■ Action item
A word-for-word copy of the data, with no images, is the required answer.

■ Data block

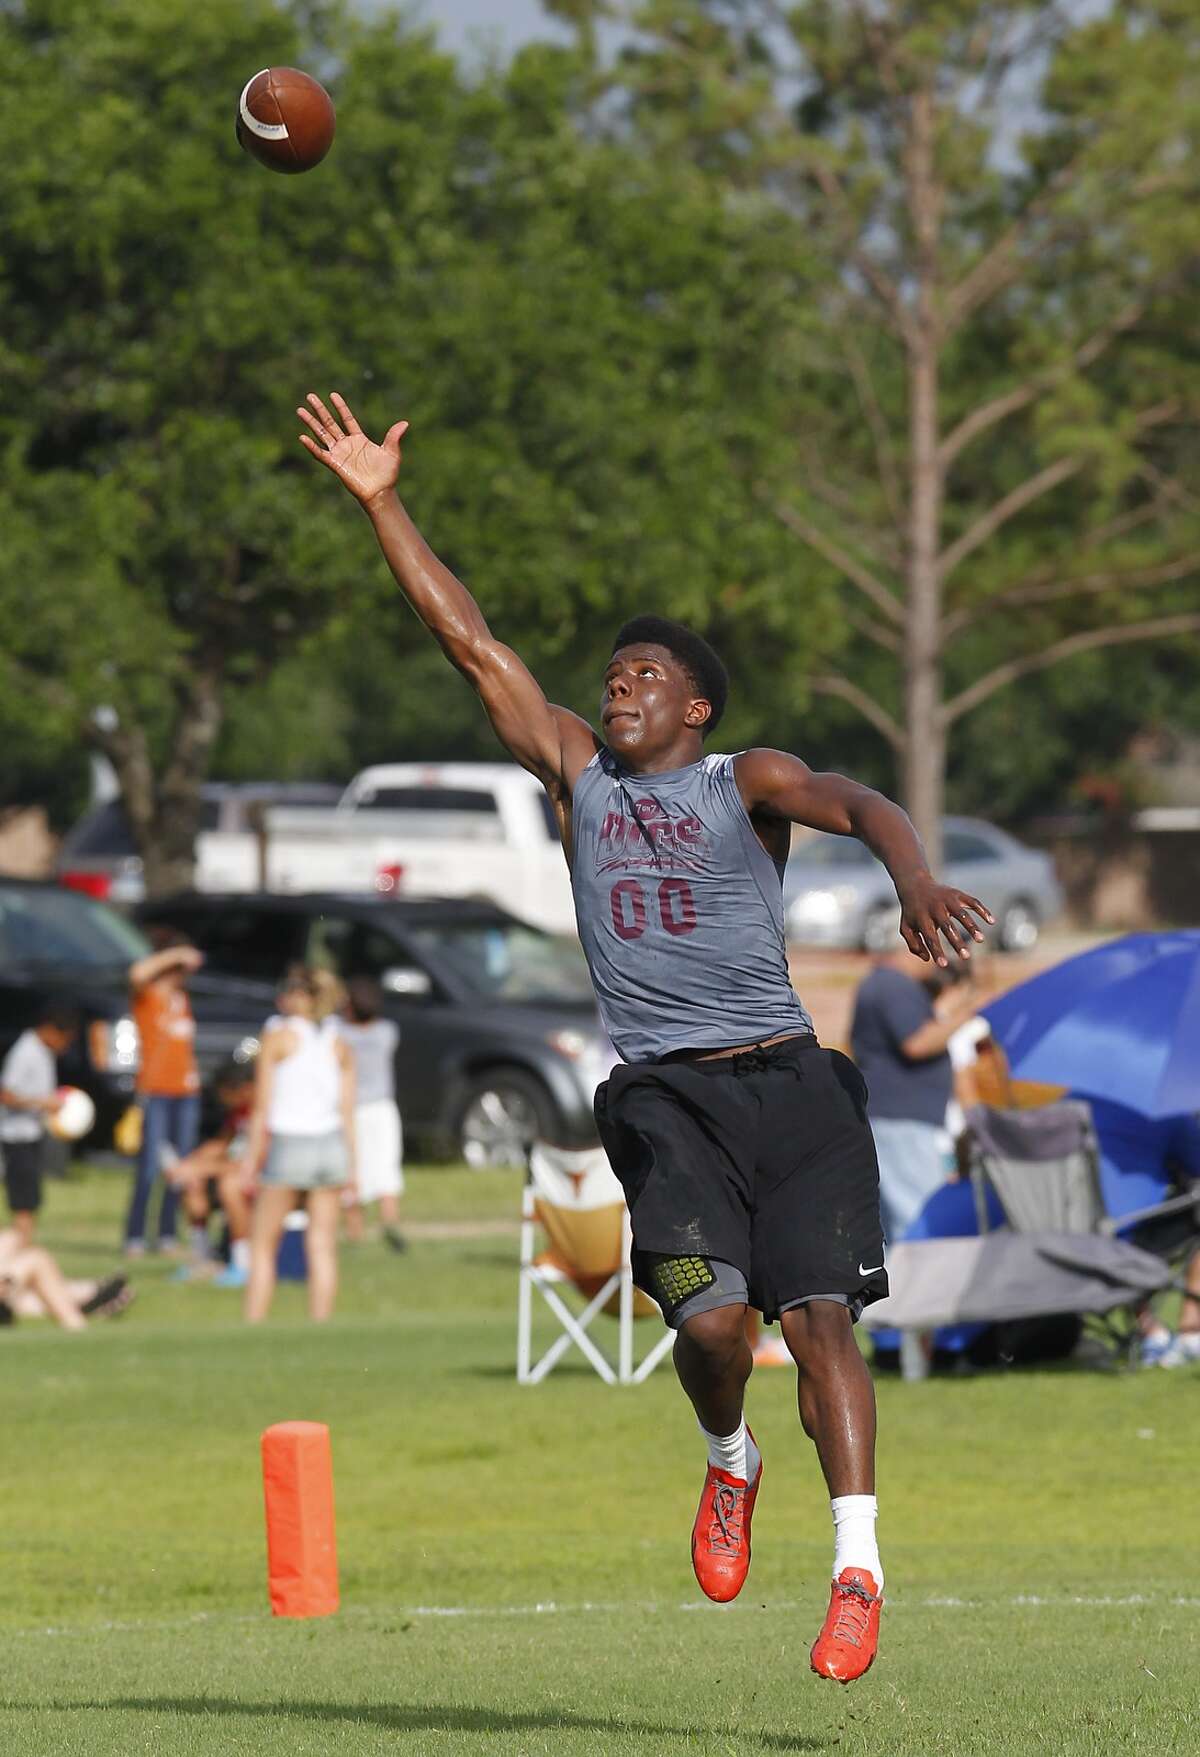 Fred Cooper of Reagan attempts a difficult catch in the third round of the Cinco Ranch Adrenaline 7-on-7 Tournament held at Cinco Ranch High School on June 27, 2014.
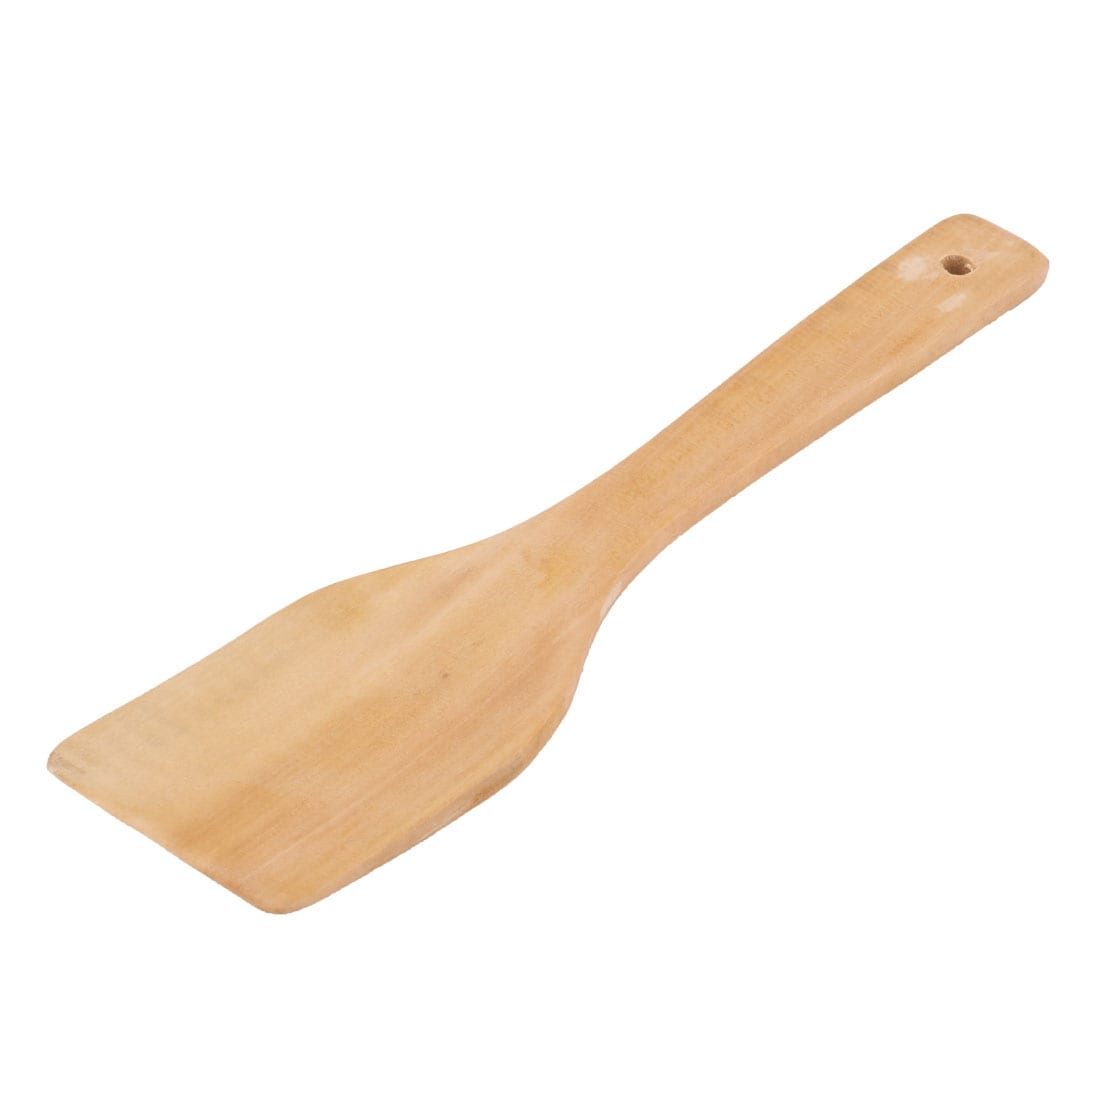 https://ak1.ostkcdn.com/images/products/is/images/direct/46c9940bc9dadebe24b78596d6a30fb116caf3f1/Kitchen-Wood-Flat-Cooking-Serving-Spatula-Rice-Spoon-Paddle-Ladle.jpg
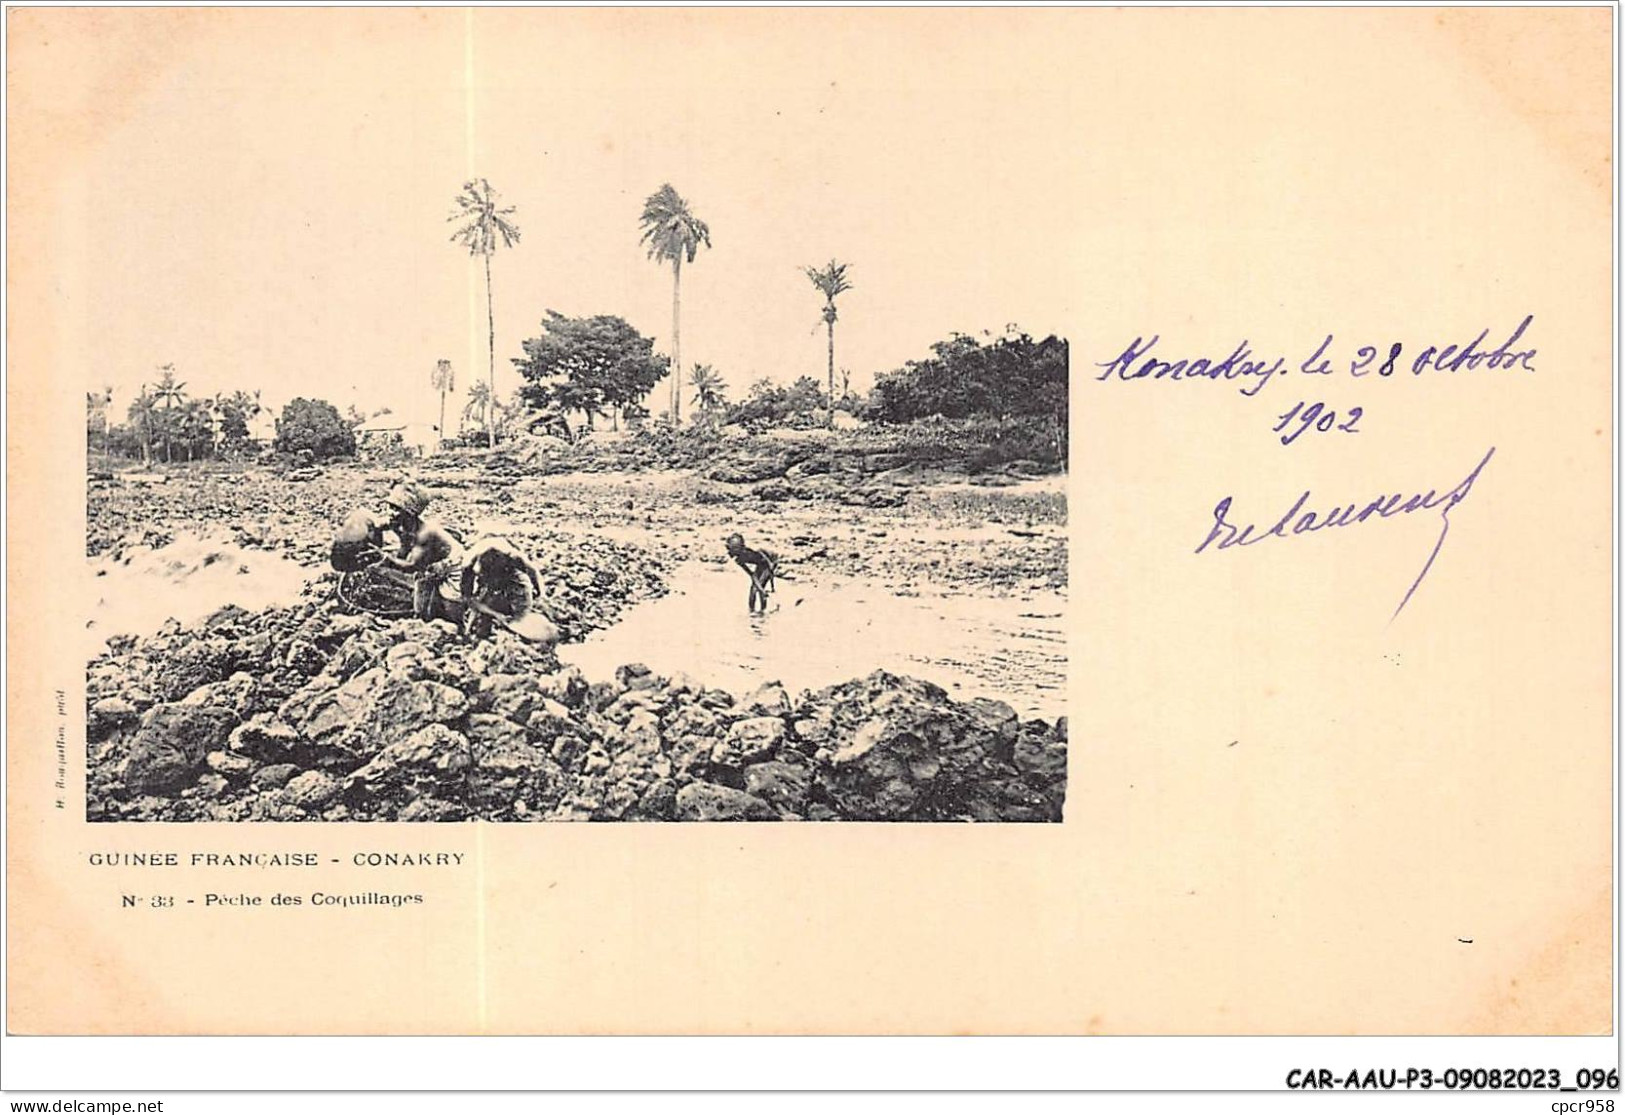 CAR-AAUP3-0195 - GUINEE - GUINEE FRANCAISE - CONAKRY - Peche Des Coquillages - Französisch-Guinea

■ Answer box
 Fred Cooper of Reagan attempts a difficult catch in the third round of the Cinco Ranch Adrenaline 7-on-7 Tournament held at Cinco Ranch High School on June 27, 2014.
 https://ak1.ostkcdn.com/images/products/is/images/direct/46c9940bc9dadebe24b78596d6a30fb116caf3f1/Kitchen-Wood-Flat-Cooking-Serving-Spatula-Rice-Spoon-Paddle-Ladle.jpg
 CAR-AAUP3-0195 - GUINEE - GUINEE FRANCAISE - CONAKRY - Peche Des Coquillages - Französisch-Guinea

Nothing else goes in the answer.